Дурак; веселый шут, идущий куда-то в рваных штанах, в компании собачки, которая покусывает открытое взорам седалище, подгоняя Дурака вперед и иногда подталкивая в направлении, которое он сам никогда не выбрал бы. Дурак, которому не соответствует никакое число, кроме могущественного нуля, который, будучи добавлен к любому другому числу, увеличивает его вдесятеро. У мамуси в подвале Даркур был искренен, когда делился своей верой в персональный миф каждого человека и в то, что этот миф, как правило, ничего особенного собой не представляет. Собственный миф Даркура виделся ему историей слуги, верного, но не хватающего звезд с неба; он — ценный помощник, но никогда не породит ничего важного, не будет значительной фигурой ни в чьей жизни, кроме своей собственной. Если бы Даркура попросили выбрать в колоде Таро символизирующую его карту, он, скорее всего, выбрал бы Пажа Жезлов, Le Valet de Baton — верного, преданного служителя. Разве не эту роль он играл всю свою жизнь? Как священник он был предан своей вере и своему епископу, пока мог, а когда уже больше не мог, то ушел в преподаватели. Как преподаватель он был великодушен к студентам и всячески помогал им, а также выполнял работу заместителя декана по административным делам; работы было очень много, а благодарности за нее — мало. Как друг он был терпеливым помощником Корнишам и трудился на благо их безумного фонда и затеянной фондом безумной истории с оперой, которой на самом деле не существовало — лишь обрывки идей, нацарапанные умирающим в муках Гофманом. Конечно, он, Даркур, — Паж Жезлов. Но мамуся подтвердила то, что он уже давно ощущал нутром. Он — нечто лучшее. Он — Дурак. Не угодливый слуга с салфеткой в руке, а вольный путник, подгоняемый вперед чем-то лежащим за пределами интеллекта и осторожности.

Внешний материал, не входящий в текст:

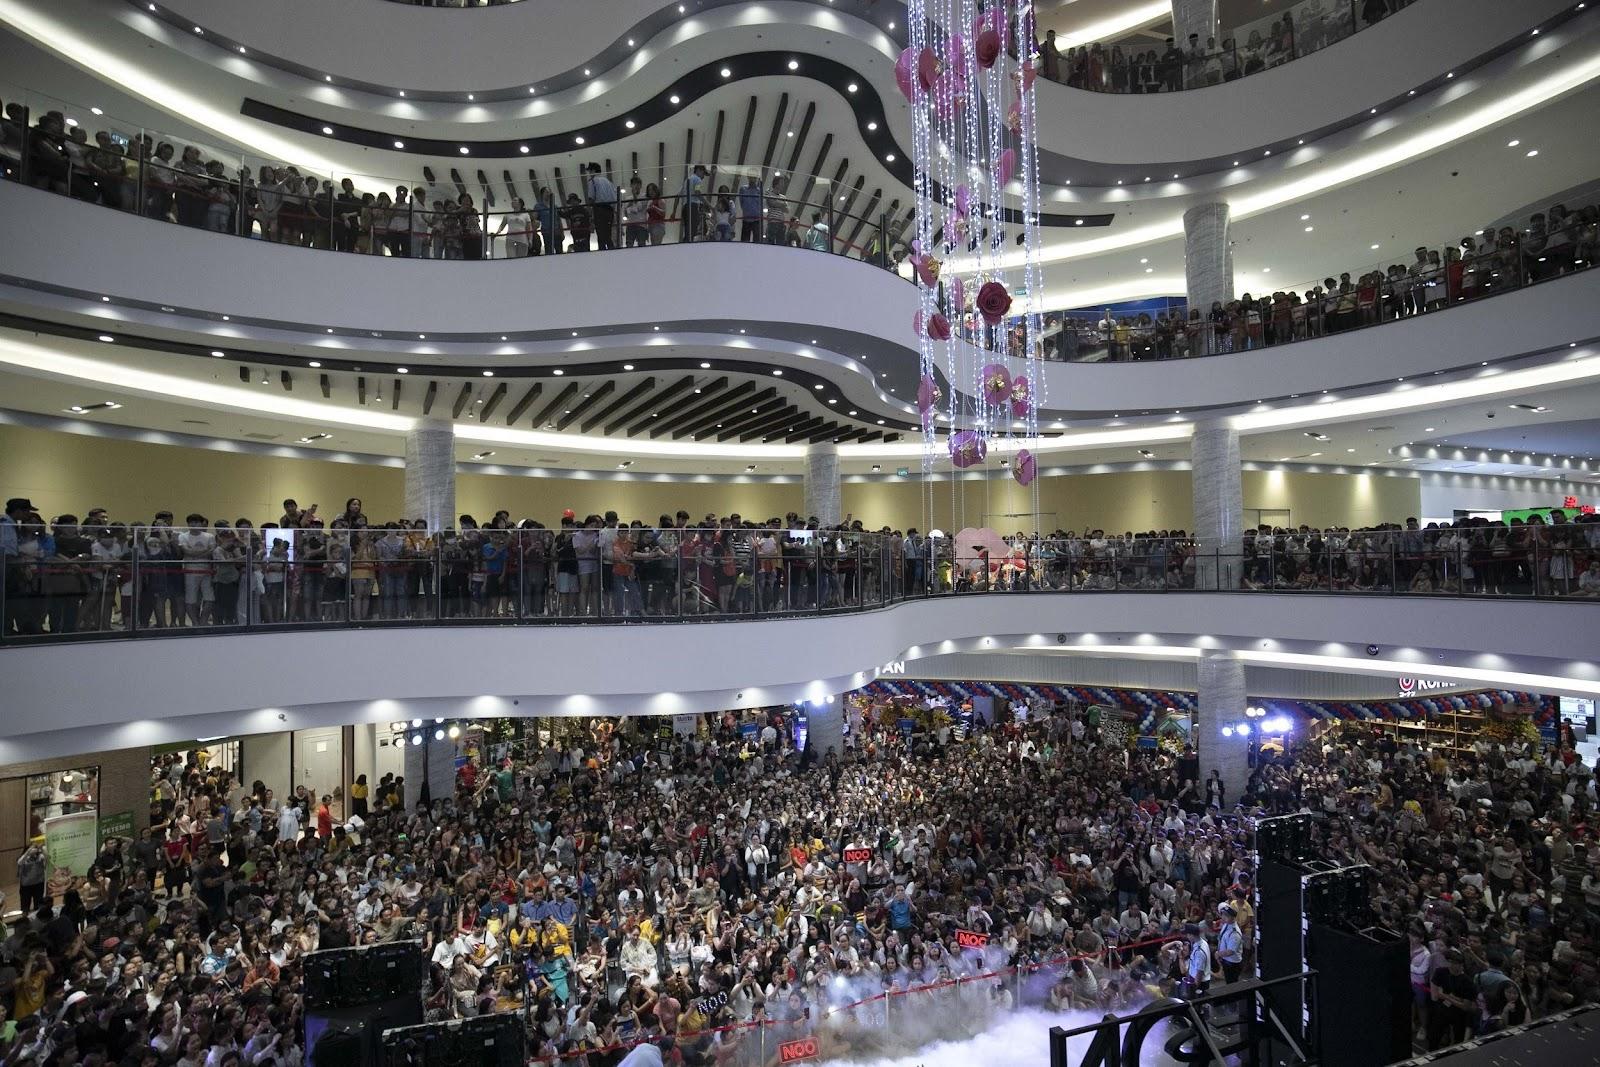 Ngày 25/4 vừa qua, AEON MALL Tân Phú Celadon đã tổ chức buổi khánh thành khu vực mới và nhận được sự quan tâm của đông đảo khách hàng.

Разве сам он не чувствует, как это истинно? Разве чутье, которое вывело его на «солнечные картины» и запечатанный конверт в сокровищнице Национальной галереи, не рождается где-то в глубинах, неподотчетных разуму, логике, инструментарию ученого? Разве создаваемая им биография старого приятеля, Фрэнсиса Корниша, за которую он взялся только из дружбы, из одолжения Артуру и Марии, не расцвела в нечто совершенно неожиданное, такое, чего ни один потомок Фрэнсиса Корниша не мог бы предсказать? Если Даркур сумеет собрать головоломку, сопоставить людей с фотографий дедушки Макрори, жителей Блэрлогги (вот уж никто не подумал бы, что это — колыбель искусства), и фигуры с великой картины «Брак в Кане», датированной «около 1550 г.» и приписанной неизвестному Алхимическому Мастеру, разве это не докажет, что Фрэнсис был как минимум гениальным подделывателем картин, а как максимум — гениальным художником редкой, эксцентричной породы? И как же Даркур этого добьется? Тем, что будет не жуликом, обворовавшим библиотеку и галерею, а Дураком, чьи моральные законы неподвластны общим правилам. Он — Дурак, единственная из фигур Таро, которая движется — не падает, как Башня, и не вращается бесконечно на месте, как Колесо Фортуны, и не влачится церемониальными конями, как Колесница, но шагает вперед, навстречу приключениям.